::: DATA

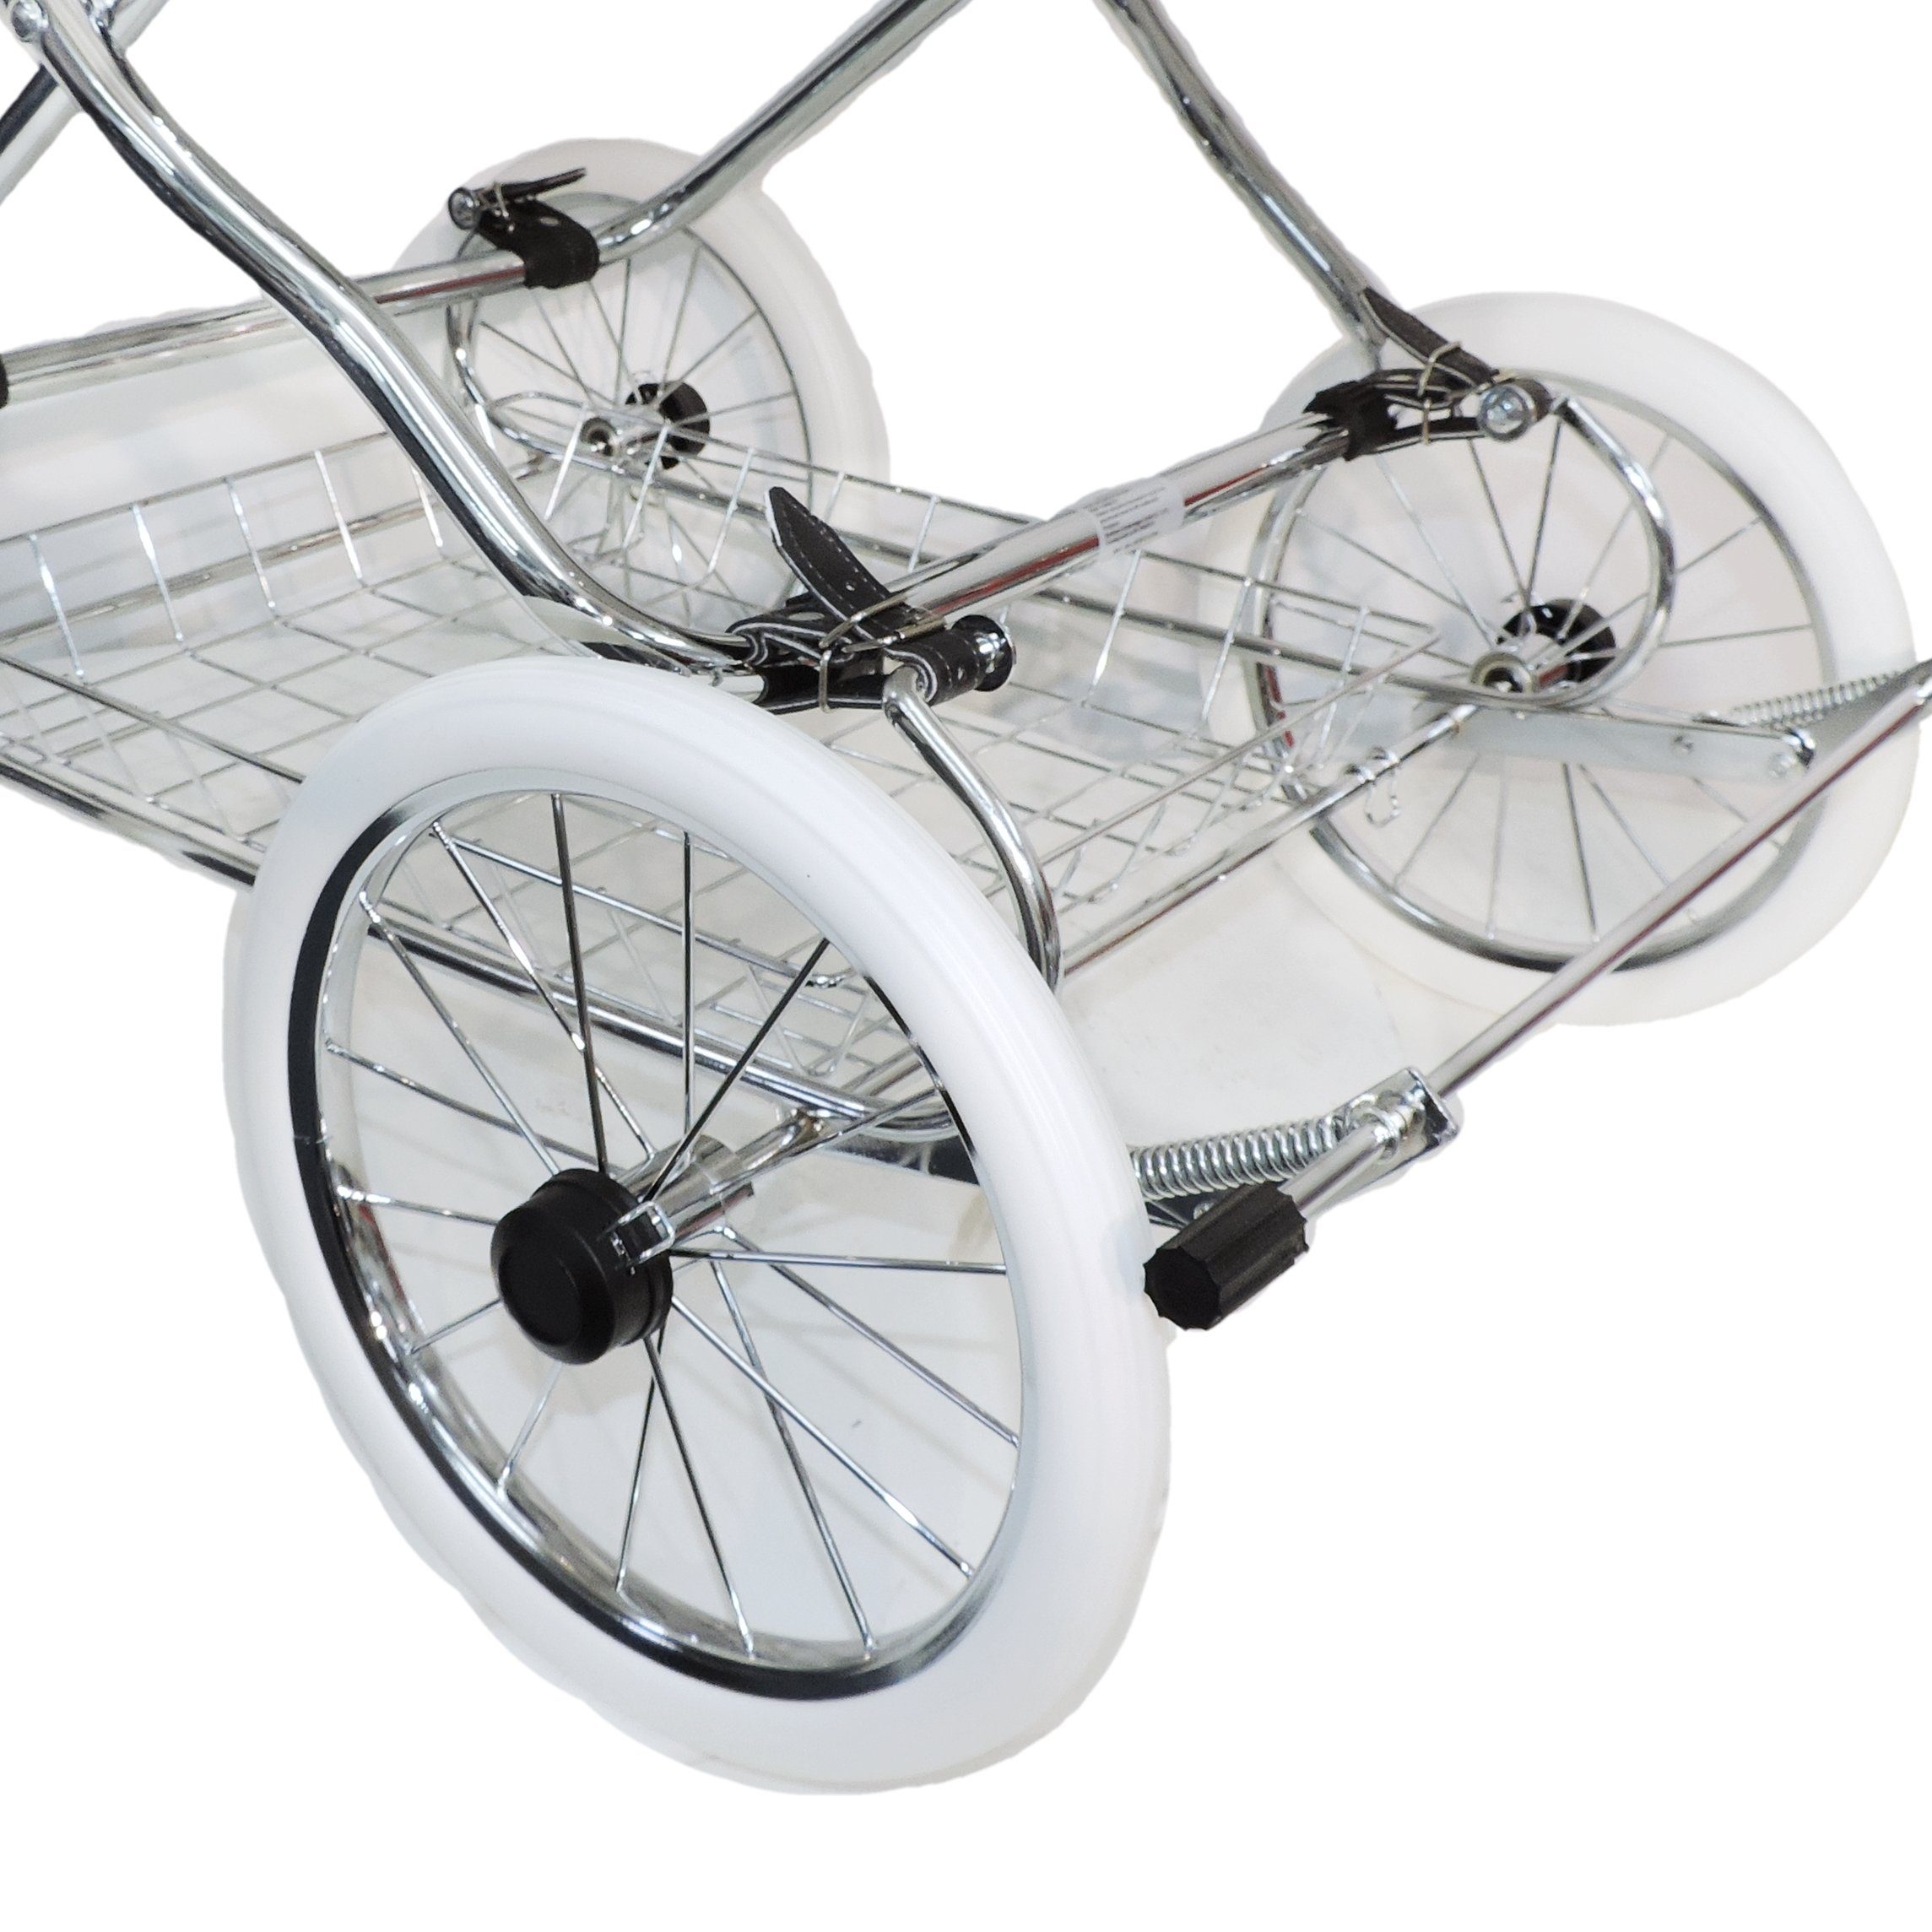 Kombi-Kinderwagen umbaubar marineblau Eichhorn - made in Kinderwagen EU Designer, zum mit Sportwagen EVA-Vollmaterial-Rädern,
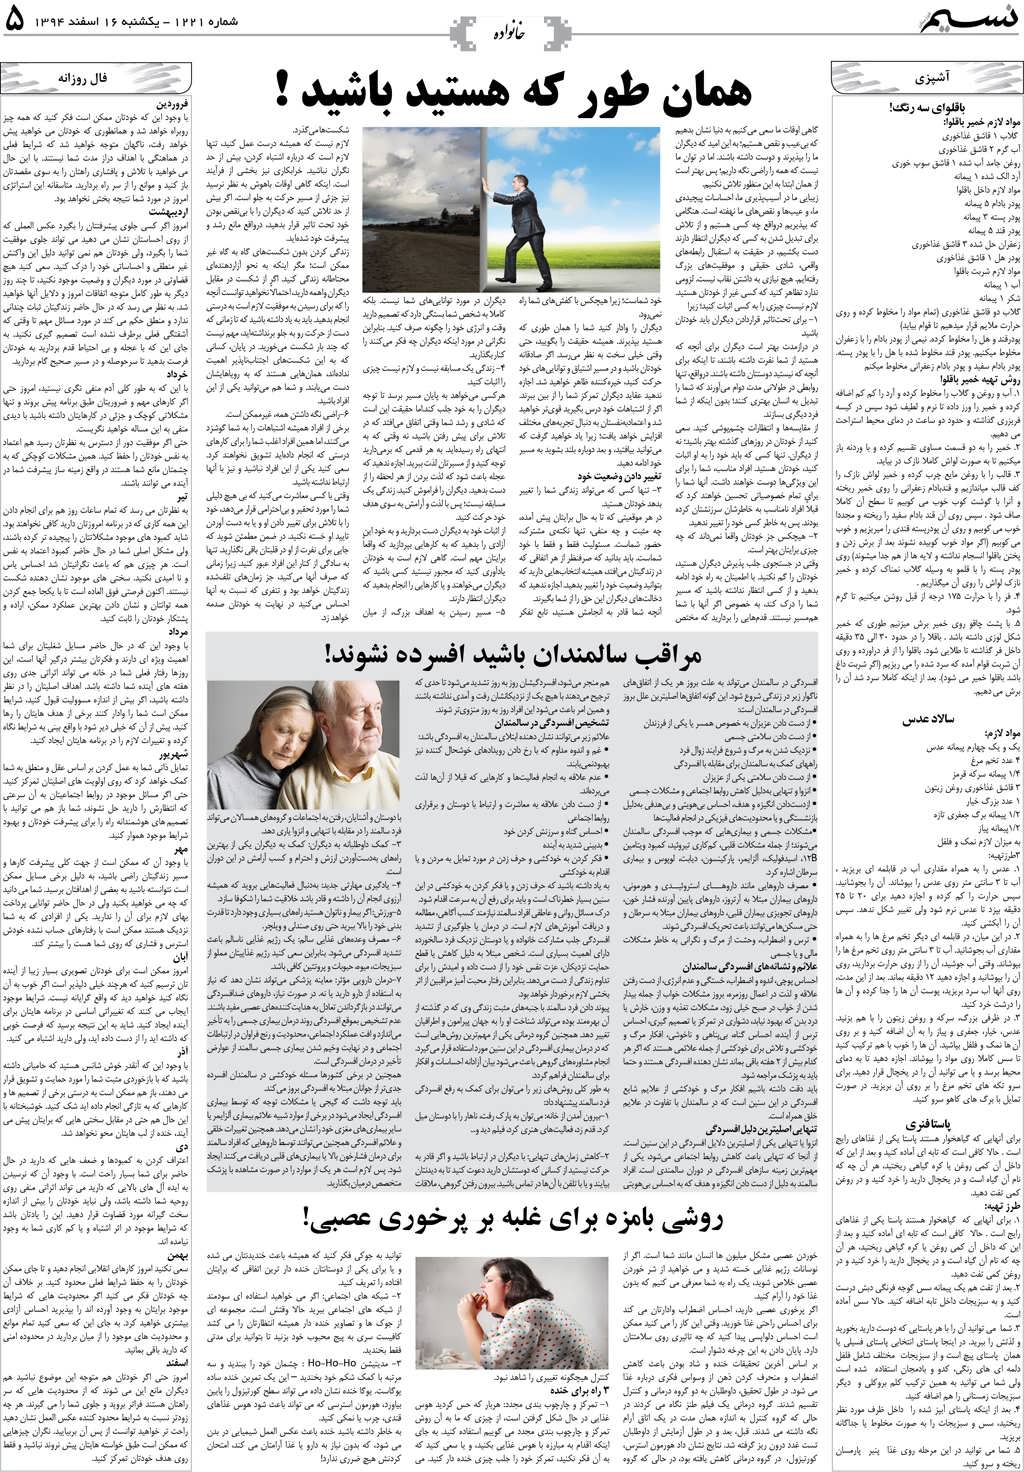 صفحه خانواده روزنامه نسیم شماره 1221
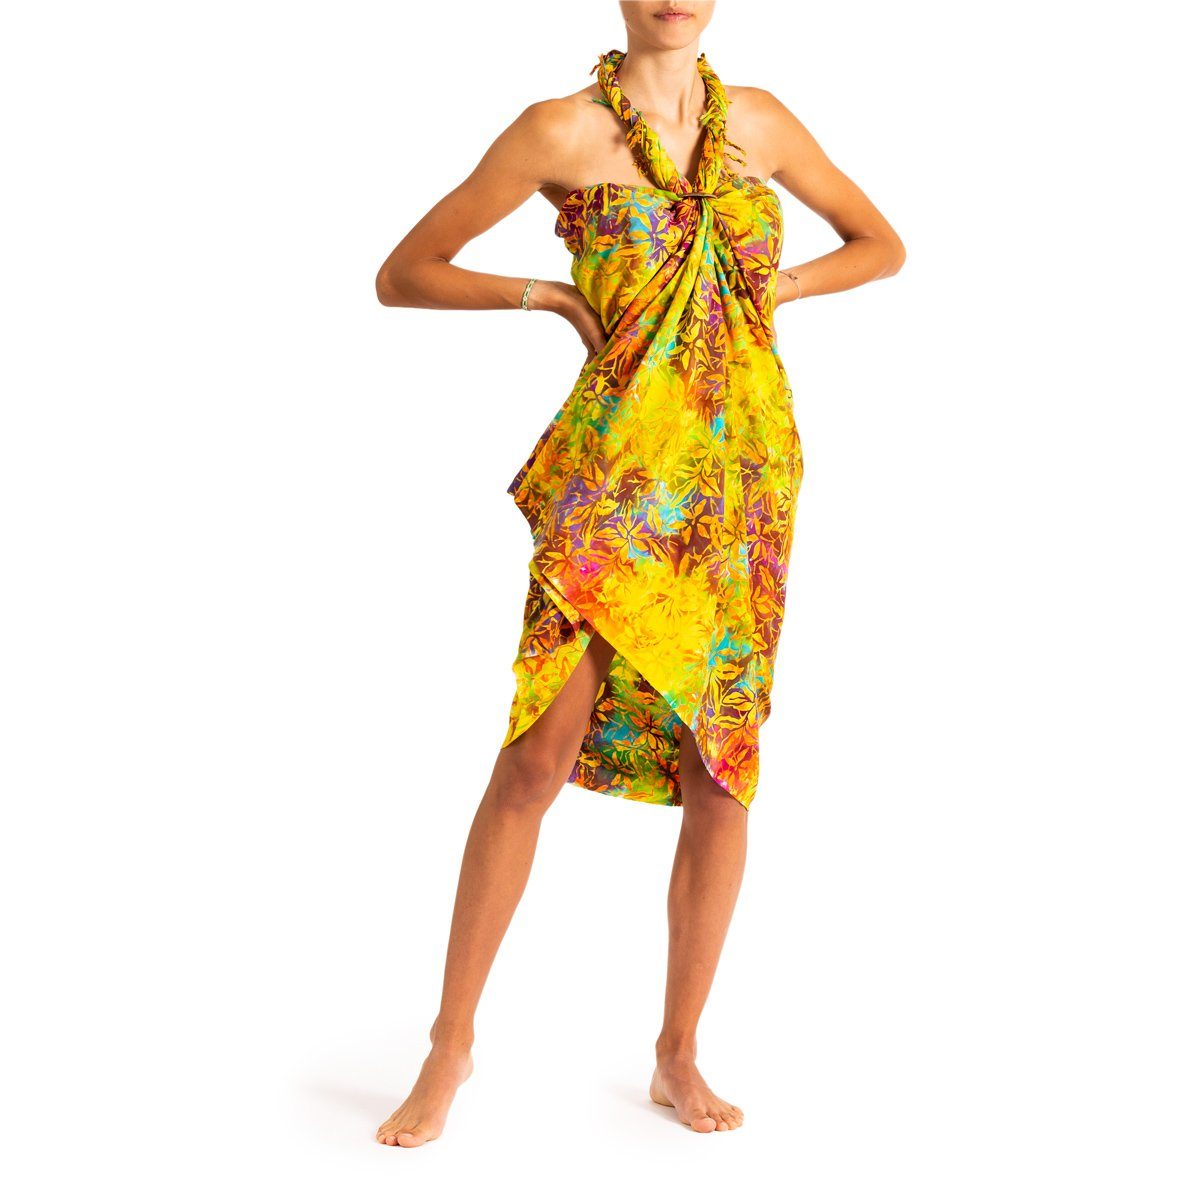 PANASIAM Pareo Sarong Wachsbatik Bunttöne aus hochwertiger Viskose Strandtuch, Strandkleid Bikini Cover-up Tuch für den Strand Schultertuch Halstuch B706 pacific

::::::

Everything in the listing except the pictures must be reproduced exactly.

§ WRITTEN SOLUTION:
 Kombi-Kinderwagen umbaubar marineblau Eichhorn - made in Kinderwagen EU Designer, zum mit Sportwagen EVA-Vollmaterial-Rädern,
 صفحه خانواده روزنامه نسیم شماره 1221
 PANASIAM Pareo Sarong Wachsbatik Bunttöne aus hochwertiger Viskose Strandtuch, Strandkleid Bikini Cover-up Tuch für den Strand Schultertuch Halstuch B706 pacific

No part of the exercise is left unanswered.